Try it
Your output should be the lines below from the one with "Corso di Cinema" through the one with "Γυναικείο παντελόνι - Armani Jeans - 1", copied exactly, pictures excluded.

Supplied information
++++++

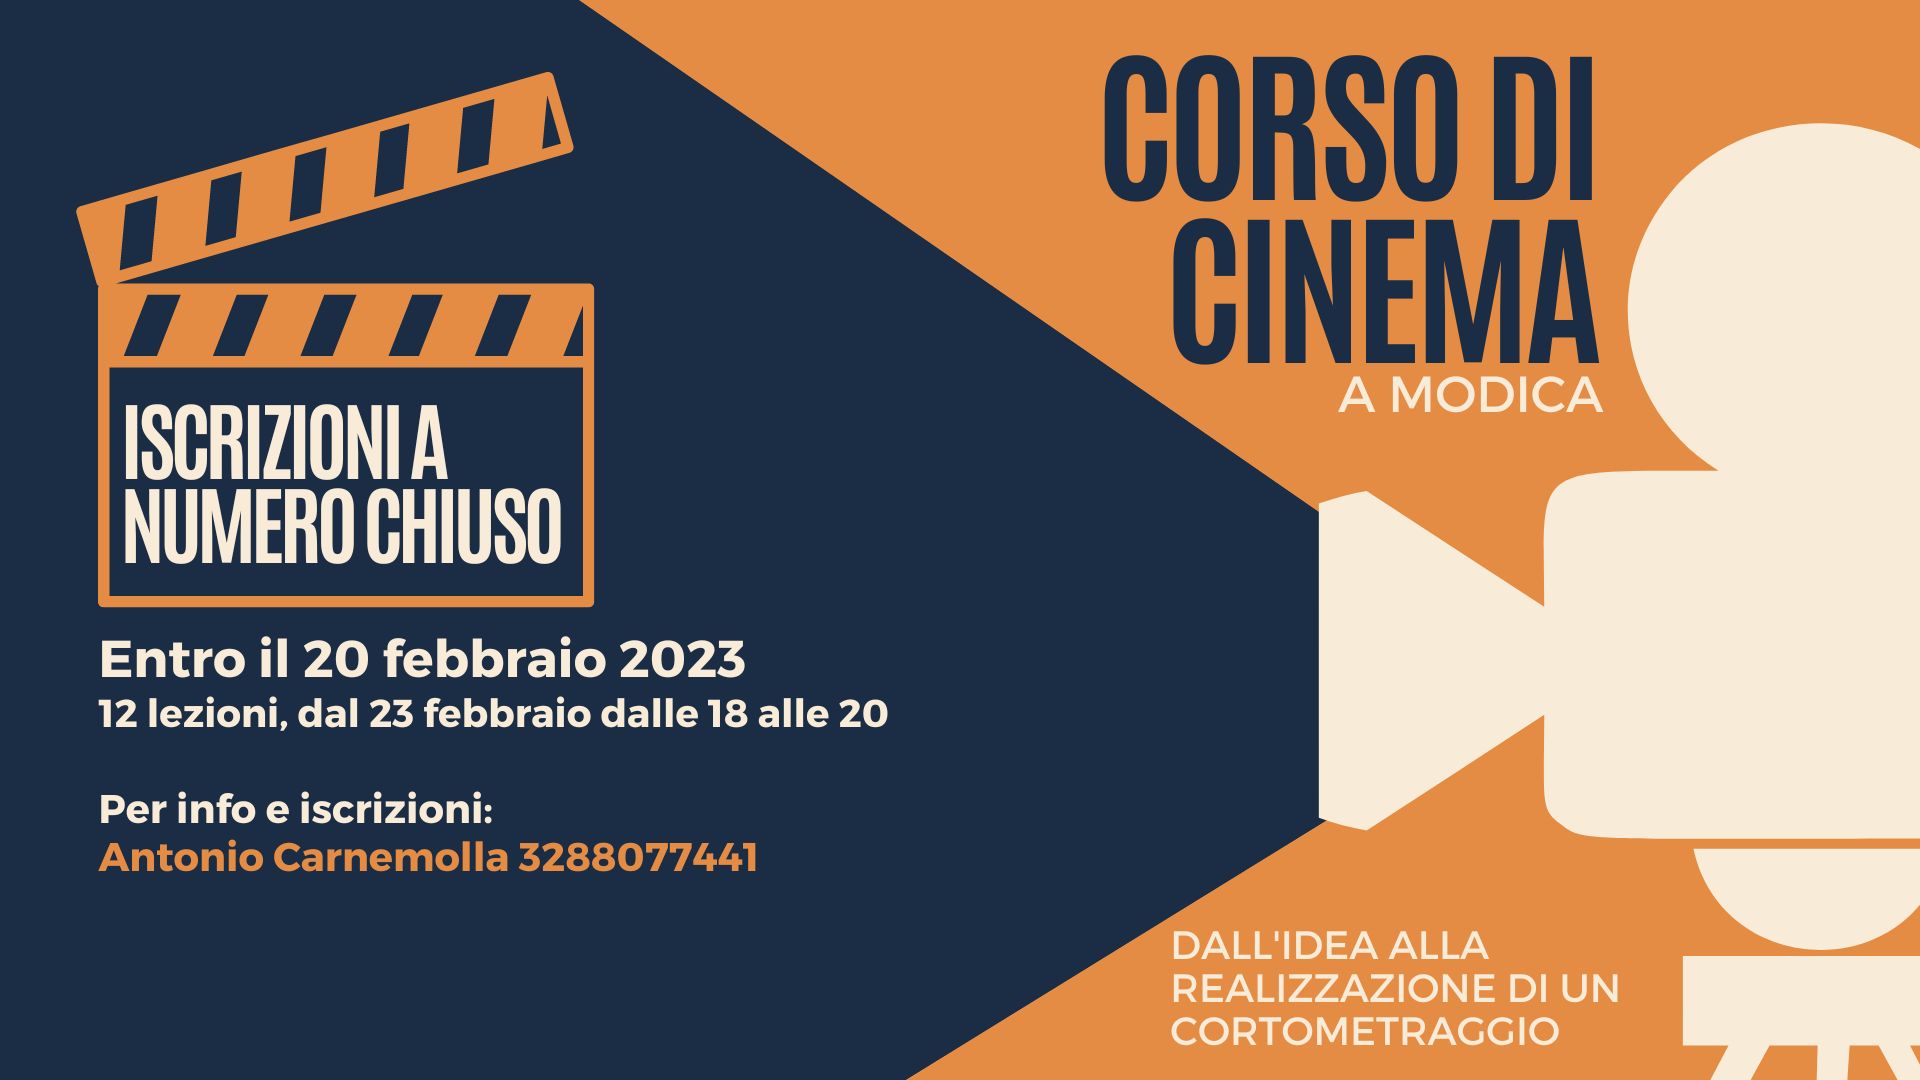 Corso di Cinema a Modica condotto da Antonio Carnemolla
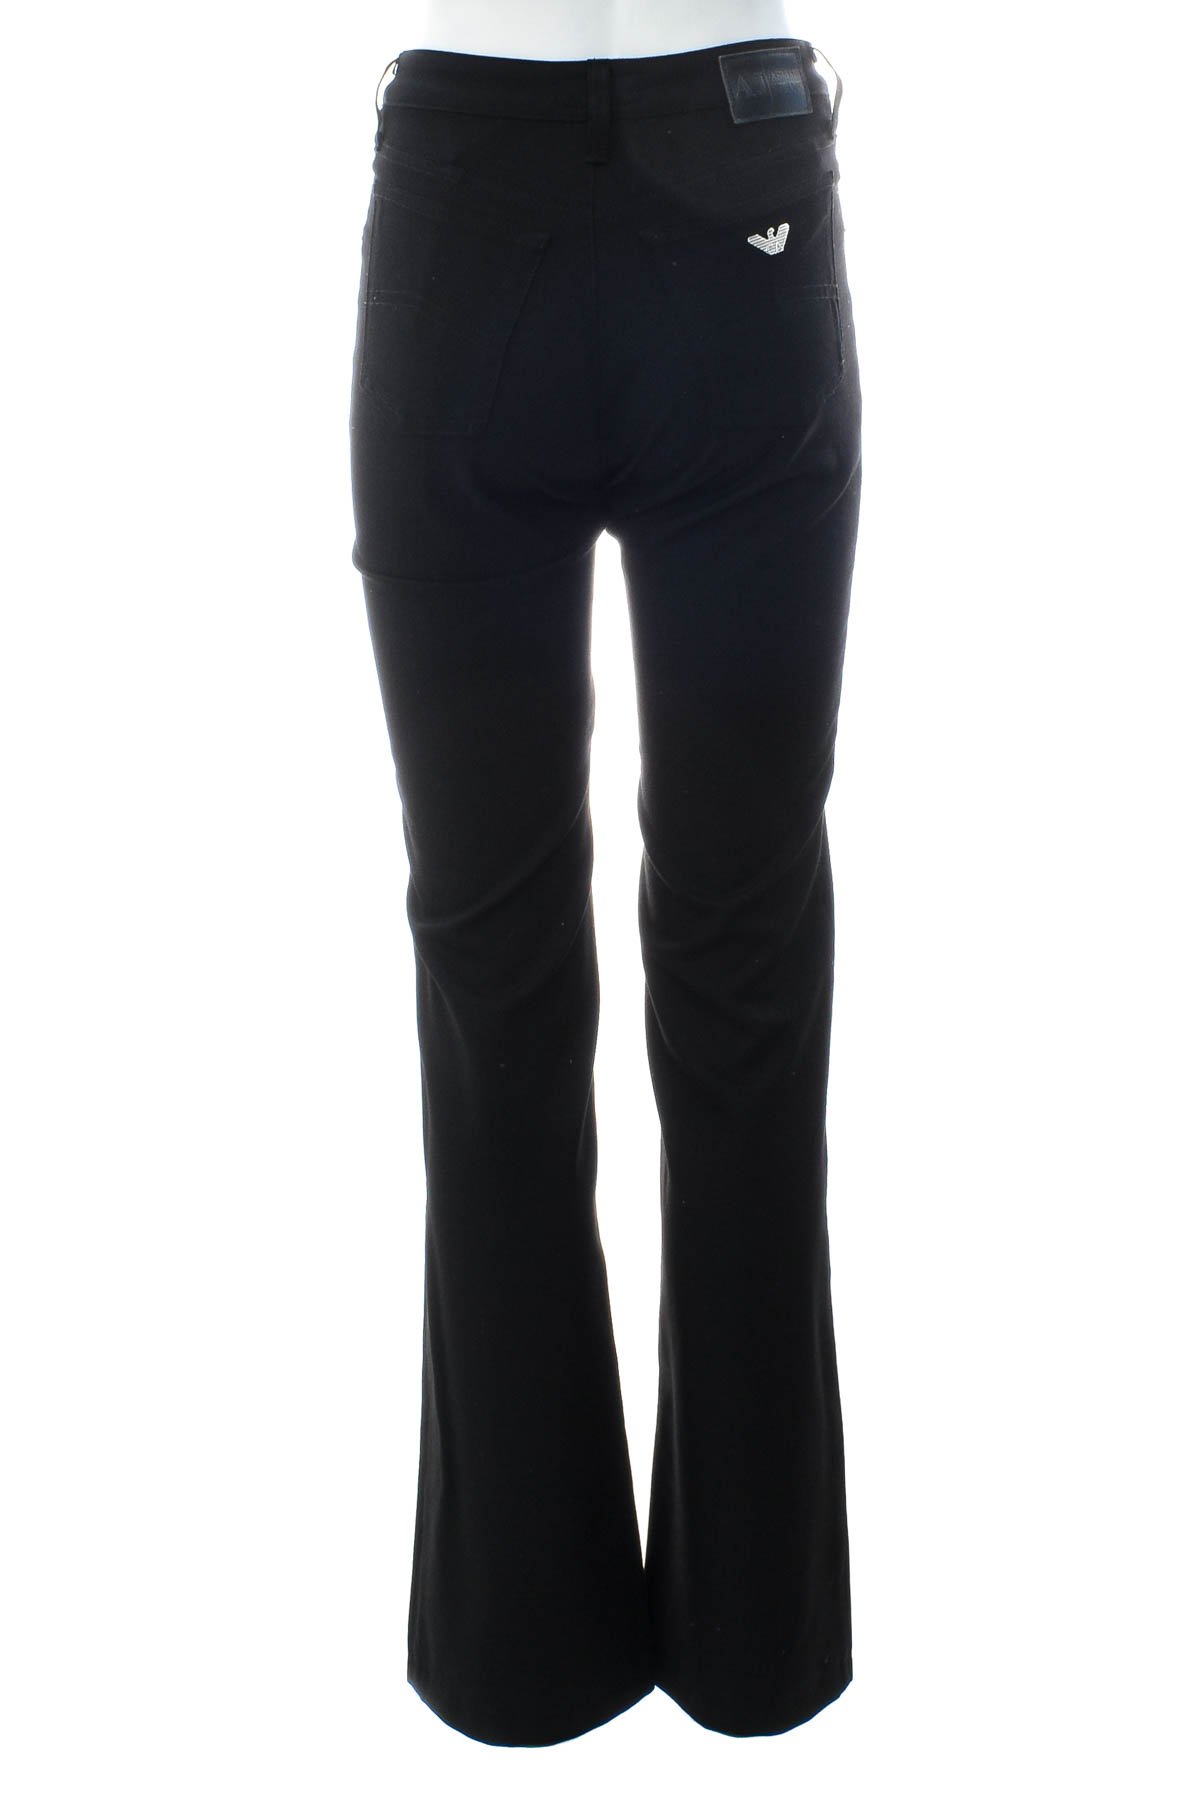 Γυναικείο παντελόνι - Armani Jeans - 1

++++++

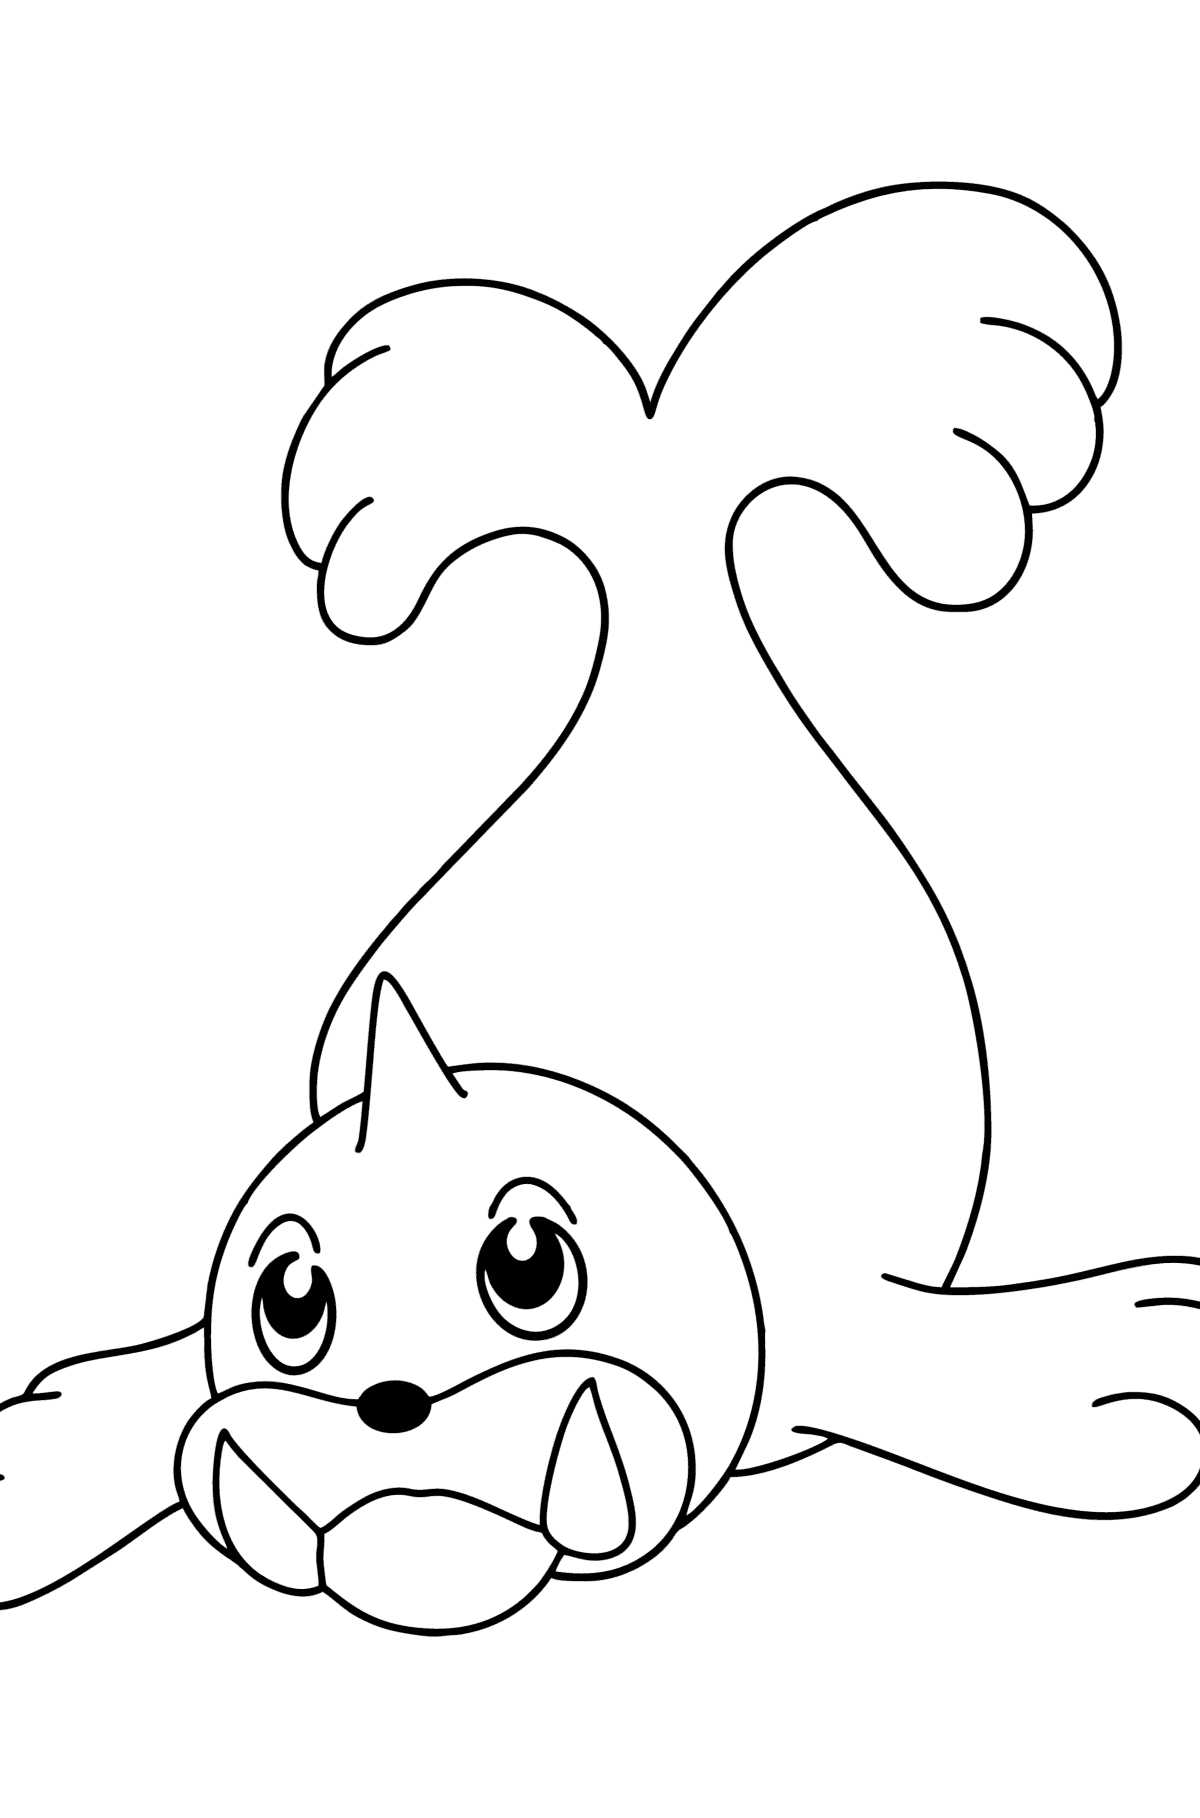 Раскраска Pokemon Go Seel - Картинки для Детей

++++++

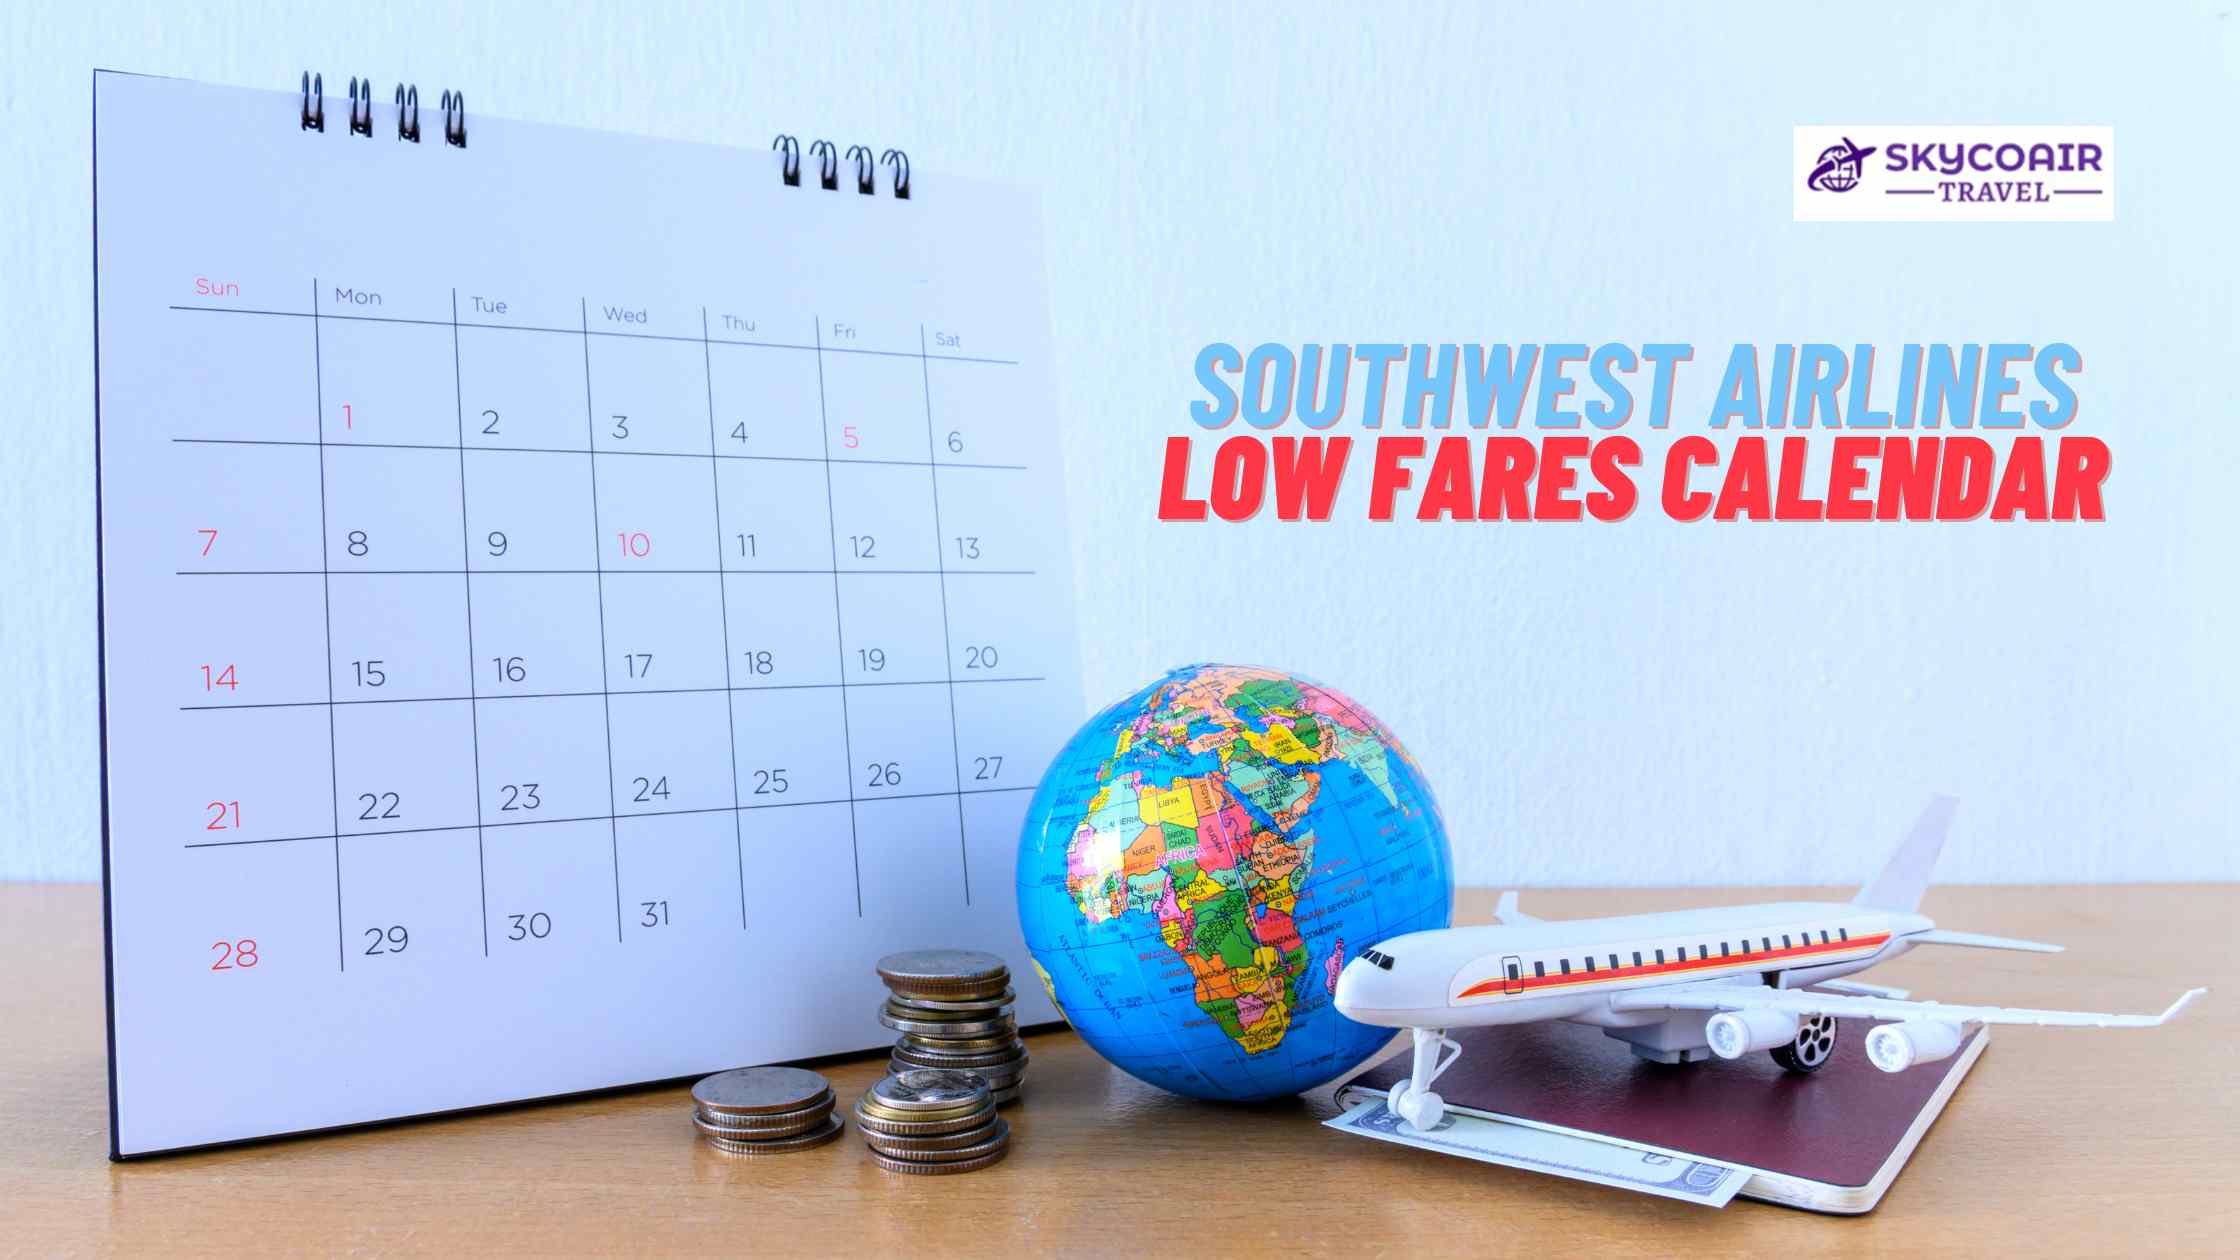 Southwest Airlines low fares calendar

++++++

Exercise answer
 Corso di Cinema a Modica condotto da Antonio Carnemolla
 Γυναικείο παντελόνι - Armani Jeans - 1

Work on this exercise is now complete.